Lee et al. [55 ]completed an experimental study on the therapeutic capacity of human mesenchymal stem cells to restore alveolar epithelial fluid transport and lung fluid balance after acute lung injury in an ex vivo perfused human lung preparation. The authors demonstrated that treatment with allogeneic human mesenchymal stem cells reduced pulmonary edema, improved lung endothelial barrier integrity and normalized alveolar epithelial fluid transport in an ex vivo perfused human lung. These experiments underline the feasibility of modern treatment options including gene and cell therapy to treat different pathologies addressing the affected organ ex vivo.

(1) Modern life-support systems, which have been developed substantially in recent years, improved the survival rate of patients with failing organs and allowed a temporary substitution of an organ function. These technologies can bridge the time until the organs of the patients completely or partially recover.

(2) The development of modern organ perfusion systems, in which biomechanical and biophysiological conditions can be adjusted to mimic the physiological environment, allows safe ex vivo organ preservation for longer periods of time and reduces ischemic time.

(3) Ex vivo organ preservation permits the exact evaluation of organ function and allows the application of ex situ diagnoses including exact topographical assessment of an isolated organ using ex vivo imaging (e.g. ex vivo MRI, CT, angiography or 3D echography).

(4) Ex vivo organ perfusion providing oxygen and nutrients under physiological conditions and removing toxic metabolic products permits improvement of organ function and organ reconditioning. This method allows the recovery of organs, which until recently, have been rejected for transplant.

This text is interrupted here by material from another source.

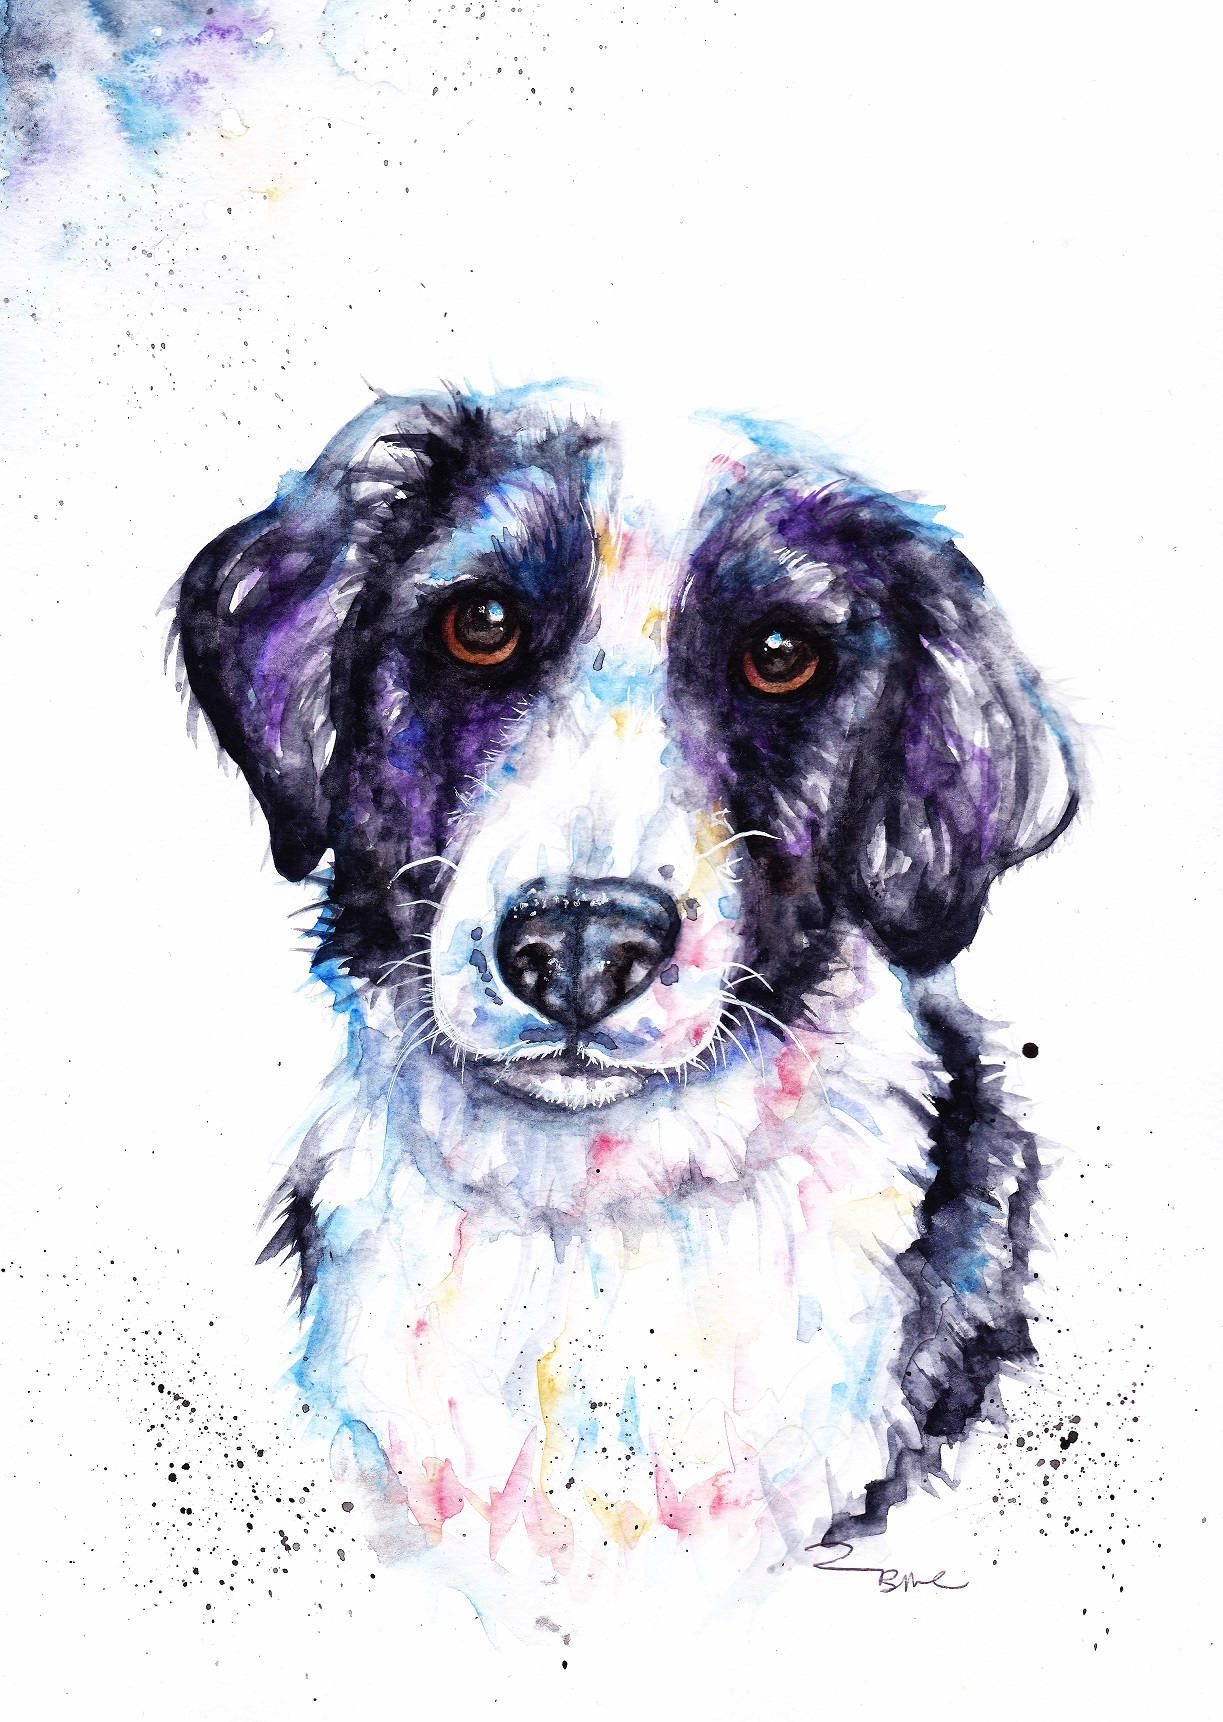 dbfc8b42c5b2 Love to do pet commisions #dog,#cat#christmas,#horse,#guinea_pig,#birds,#family,#present,#artwork#watercolour,#art,commision  www.etsy.com/uk/shop/BebesArts

(5) Ex vivo organ perfusion permits direct administration of drugs to the organ by injecting them into tubes connected to the organ (e.g. endovascular or endobronchial), thus omitting systemic administration of drugs and their adverse effects on other organs and systems. Moreover, explanted organs can be exposed to radiotherapy in order to avoid systemic exposure to radiation.

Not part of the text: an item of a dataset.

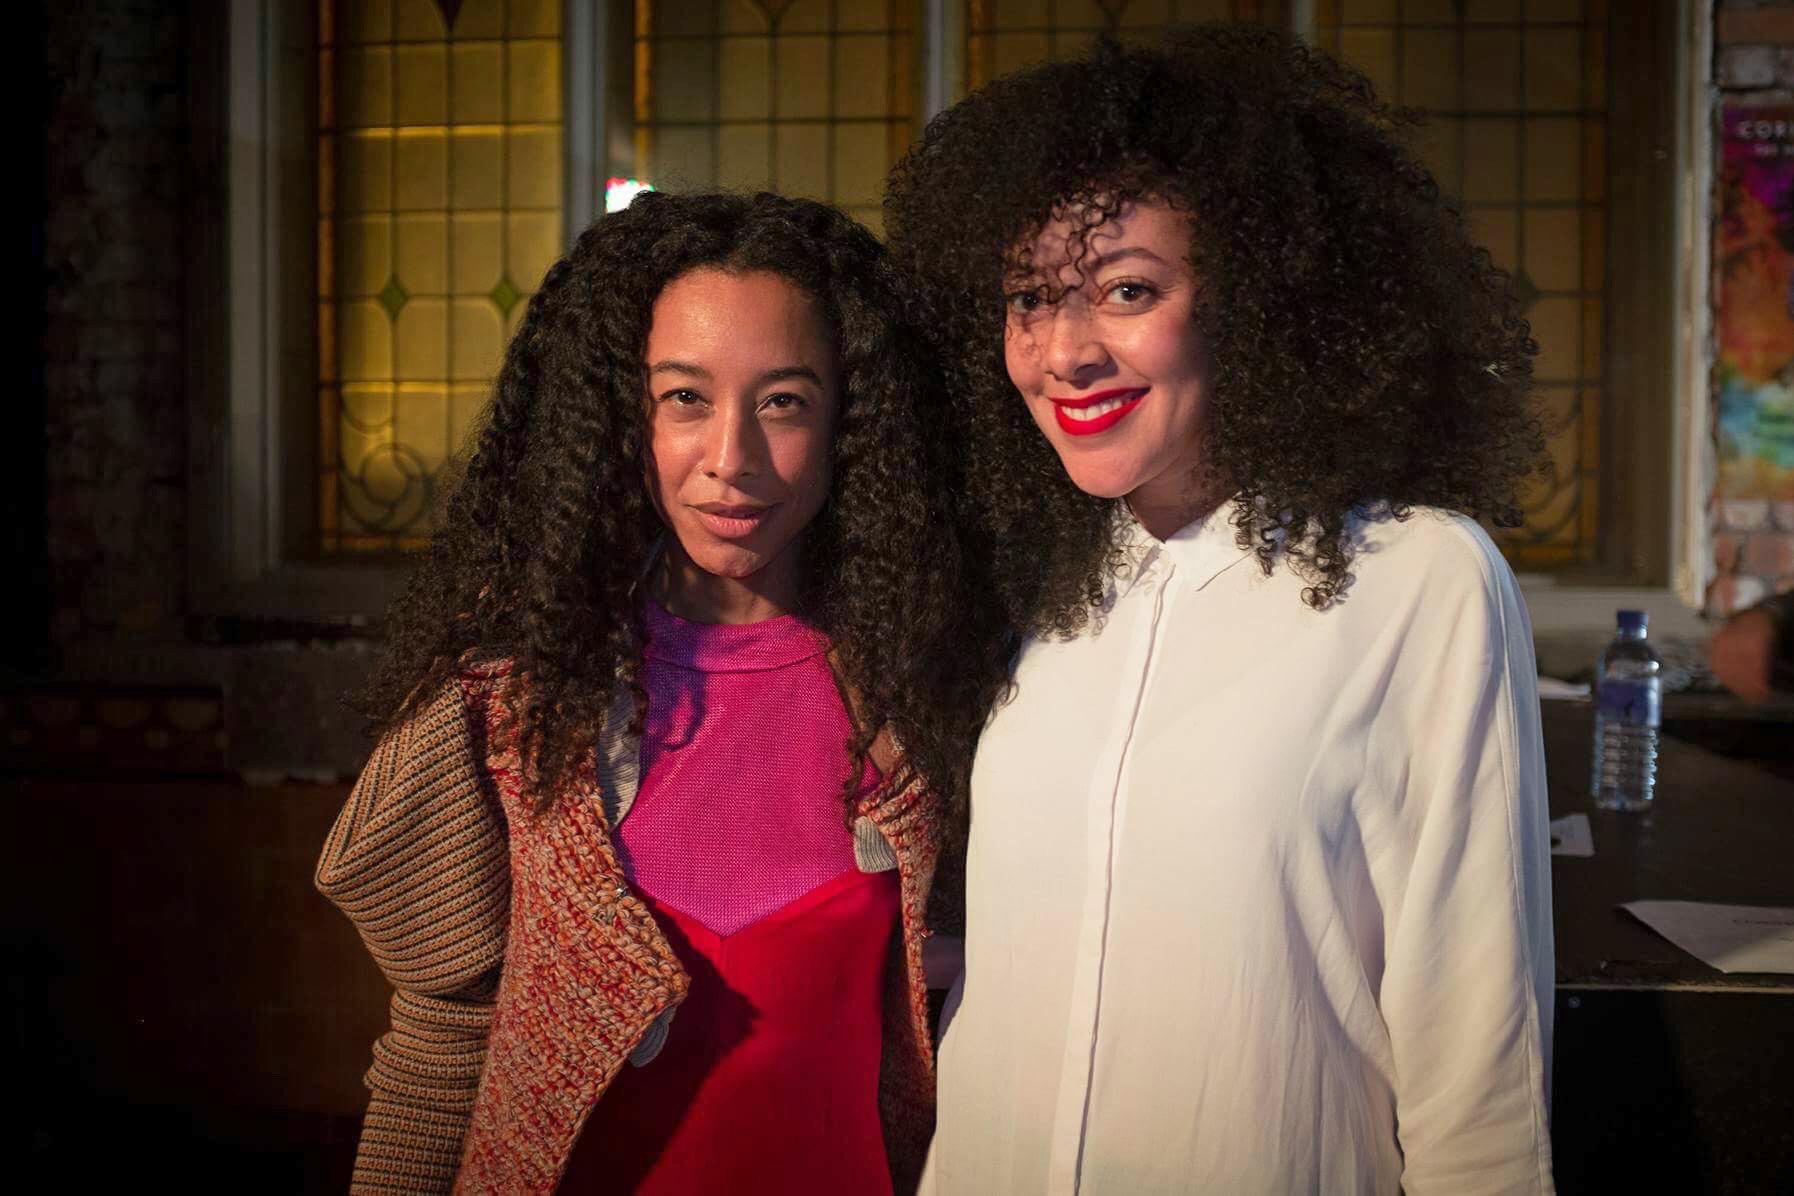 Corinne Bailey Rae and Lynda Moyo

(6) Even though there have been several sporadic attempts at ex vivo surgical resection and correction of different organs in treating nonoperable patients, the optimal preservation of affected organs in OCSs opens new possibilities for ex vivo surgery. Although ex vivo surgical resection has mainly been used in oncological surgery, improvement in ex vivo organ preservation and recovery may expand the indications for ex vivo surgery to other complicated pathologies (e.g. complex congenital malformations).

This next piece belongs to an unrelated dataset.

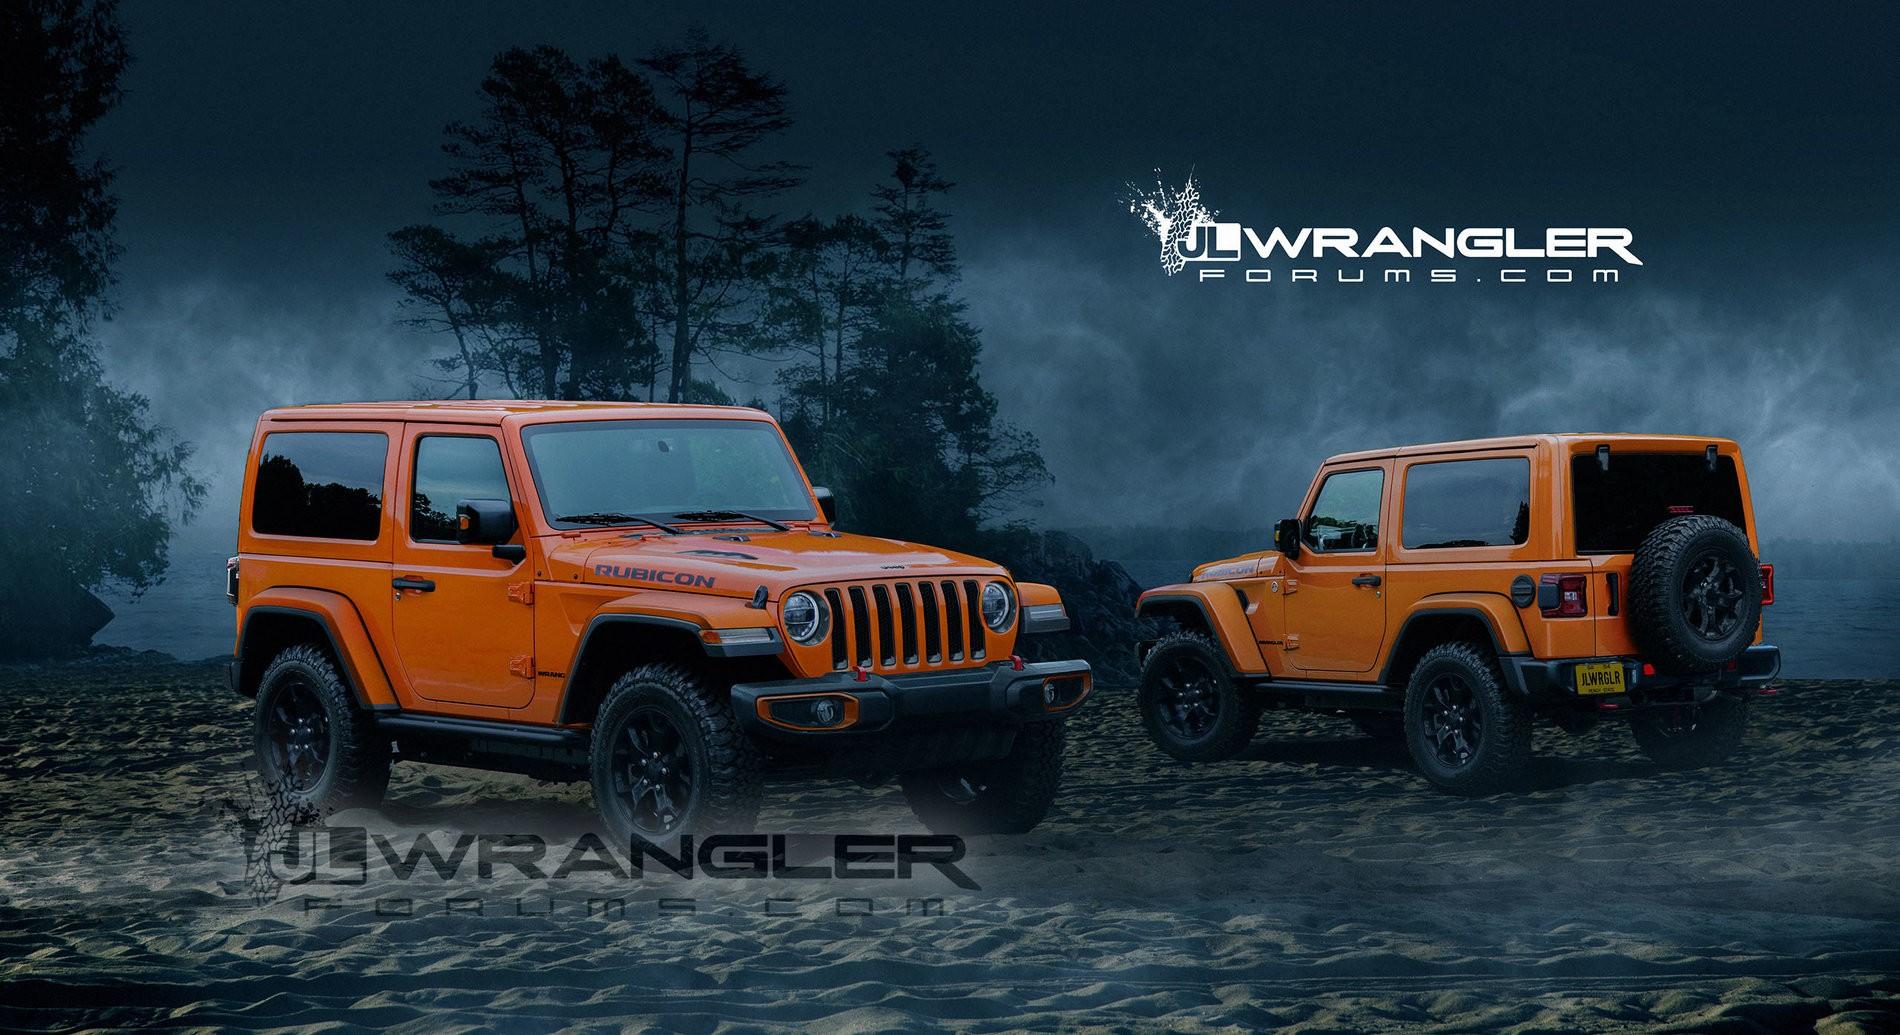 Meet Usher's New Custom Made Jeep Wrangler Rubicon ...

(7) The combination of (a) ex vivo organ perfusion and storage, (b) ex vivo exact topographical diagnosis, (c) ex vivo locoregional medical treatment including the possibility of ex situ radiotherapy and (d) the possibility of ex vivo surgical correction can expand the medical possibilities in the treatment of failing organs, thus improving morbidity and mortality. The ex vivo approach offers prospects for applying the above-mentioned methods to most human organs, when traditional methods cannot offer treatment.

Ex vivo therapies open new horizons in the treatment of end-stage organ pathologies. Further experimental and clinical research is needed to develop ex vivo approaches regarding organ preservation, topographical diagnosis, surgical techniques, pharmacokinetics as well as new methods of treatment including gene and cell therapies and tissue engineering.